MAA - 1 year ago 207

Python Question

This is my code for bucket sort in Python.

`from random import randrange`

def insertion_sort(aList):

for i in range(1, len(aList)):

for j in range(i, 0, -1):

if aList[j] < aList[j-1]:

aList[j], aList[j-1] = aList[j-1], aList[j]

return aList

def bucket_sort(aList):

buckets = [[]] * len(aList)

for index, value in enumerate(aList):

buckets_index = value * len(aList) // (max(aList) + 1)

buckets[buckets_index].append(value)

answer = []

for bucket in buckets:

answer.extend(insertion_sort(bucket))

# answer += insertion_sort(bucket)

print(buckets[0])

print("\n")

# return answer

aList = [randrange(10) for _ in range(100)]

print(aList)

print("\n")

answer = bucket_sort(aList)

#print(answer)

What is happening? When I run the code, I always find that the first list in buckets is already sorted and the other lists in buckets are all copies of it.
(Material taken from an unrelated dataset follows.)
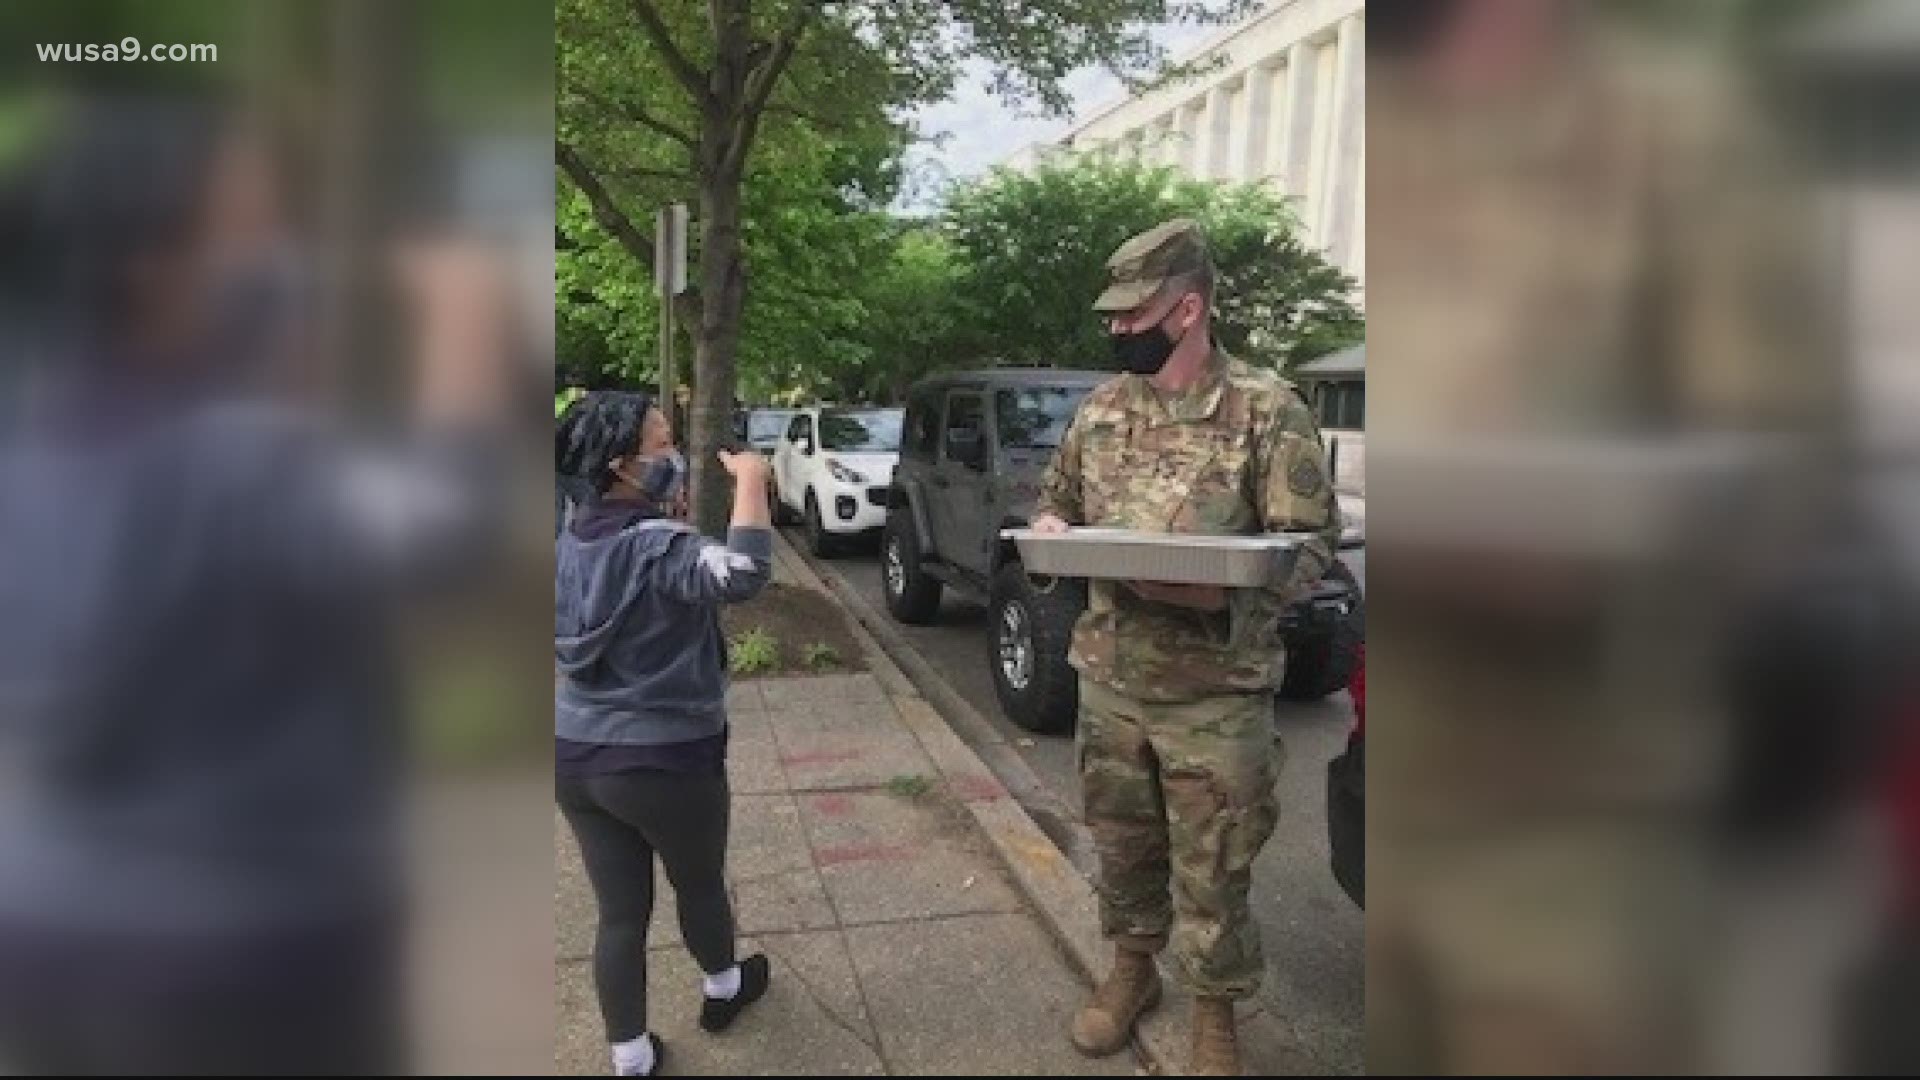 Pete's Diner has been feeding National Guard troops protecting the Capitol building since January.

Do I need the insertion sort for each list?

What would I use the "answer" variable for?!

I'm mainly relying on this visualization.

Answer Source

One thing that i notice right off the bat is that you initialize your variable buckets as `buckets = [[]] * len(aList)`

. This makes a list of identical copies of the empty list. As such, any modification of this list is replicated in every element of `buckets`

. Change this line to:

```
buckets = [[] for _ in xrange(len(aList))]
```

To check if the lists inside the list are separate object, you could check their id's:

```
print [id(x) for x in buckets]
```

This should print a list of unique numbers.